The nurse’s grip tightened on my shoulder and I felt my legs stop moving. They were no longer knocking against the table. I felt this immeasurable sense of calmness and peace. My posture straightened and with my chin lifted high, I communicated that I fully understood each diagnosis pertaining to Nathan. Dr. J continued speaking, “He will never do this. He is not capable of doing that. You might want to consider lowering your expectations.”

He passed me the super thick packet containing all of Nathan’s evaluations and an explanation of each diagnosis. We scheduled Nathan’s next counseling session and everyone seated at the table stood. 

It was in this very moment that I knew that I had a choice to make. I could continue to sit and wonder OR I could rise and do everything in my power to ensure that my son didn’t become a statistic. A “given his full diagnosis, he probably won’t ever” statistic… I rose!


  1. I have no words. Tears, sadness, tears of praise, tears of Blessings for you and your son. You both are Beautiful and Brave. May God continue to give you strength.

    • Thanks for your encouraging words! We’re still taking it one day at a time. Lots of grace all around! God has truly smiled on us! Be Blessed!

  2. I LOVE that you wrote this today of all days. Just a few hours ago I was thinking of you and your Nathan (I’m a silent watcher of your YouTube channel) as I got a call from the school for the 3rd time this week about my (soon to be adopted) son’s behavior. We know he is “different” but are just starting down the path to find out the reasons why. In those tough moments I remind myself of you and your son and am reminded of the potential that lies inside him. Thanks for being an encouragement and a light of hope for our family!

    • I’m thankful that sharing my truth made your day a bit easier. Remember to take it one day at a time with loads of grace. Your sweet boy is going to need you now more than ever. Be Encouraged!

      P.S. Thanks for hanging out with us over on YouTube!

  3. Karla from Unschooling the Sensational Six

    💗 I understand! #6kids

  4. I just found your blog/Instagram. This was a beautiful representation of the feelings you went through. It’s such a mixed bag of emotions, some are not always understood or even easy to admit. I am going through a trying time with my 6 year old that came to a head this summer and we had no question what to do so the evaluations started. I was so alone, sad, and confused. Most of her extreme behavior was caused by anxiety which does not present the same way in children as adults. Thank you for being so honest. It’s a hard thing to do and yet it does help others going through similar circumstances.

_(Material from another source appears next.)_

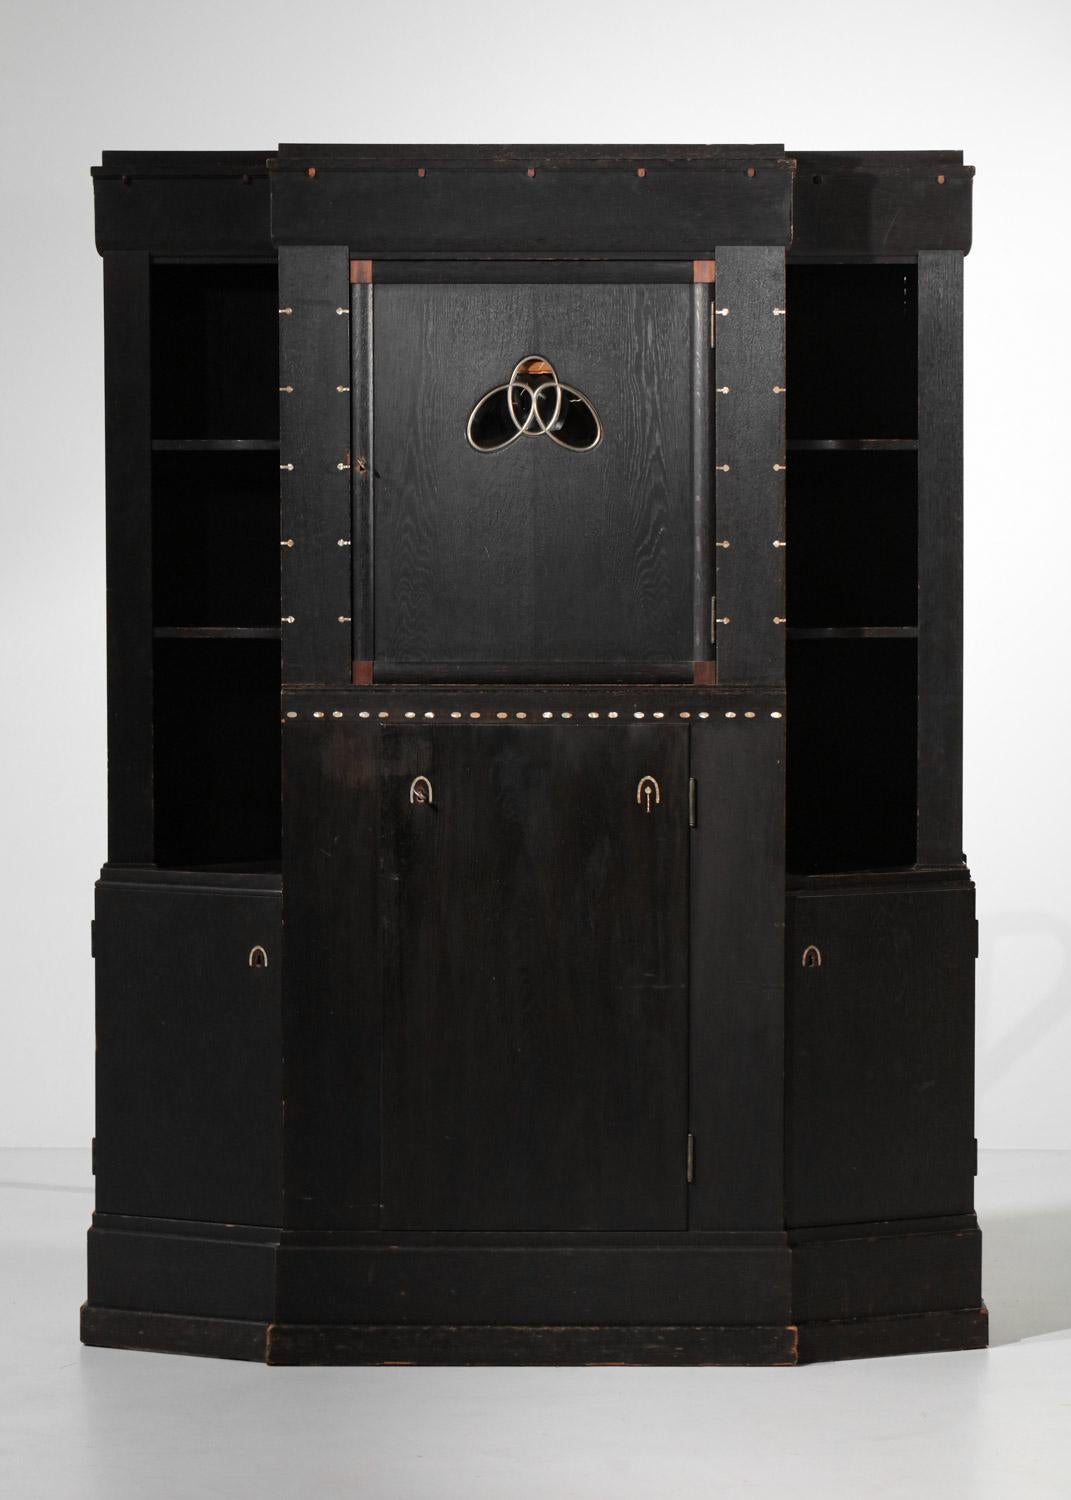 Arts and Crafts Art craft furniture from the 20s in blackened oak attributed to Josef hoffmann  For Sale

    • Welcome to our journey! Thanks for your kind words and for sharing a bit of your journey with me! It is extremely difficult to walk through seasons of simply not knowing and experiencing so many different emotions. I’m glad that you received a definitive diagnosis for your sweet girl. Be Encouraged!

  5. I’m keeping you in my thoughts and prayers. Keep your chin up and resting in Gods palm. I know what it is like to live with bipolar disorder and how challenging and life changing that diagnosis is let alone all the challenges you are facing right now. I have no words. I wish somehow I could help shoulder your grief as only those who suffer with this disorder can know the havoc and pain it causes. I’m so sad you have to go through this. May god bring you help, hope and healing. Susan

  6. GM, my 12yr old son who I love dearly is not only the autism spectrum, but he was diagnosed with multiple medical issues, one diagnosis while he was in utero. I found your blog because I am considering home school. He is having difficulty with his sleeping. He has a sleep study scheduled, but the problem with school is that he does not perform well in the morning, so he is sleeping during class and then by the time he reaches his evening classes, same problem. Any way I would like to start a homeschool program with him, but I don’t know where to start. I am both inspired and encouraged by your story, and will be praying for you and your family.

  7. I was in need of your encouraging words. Good bless you and your family!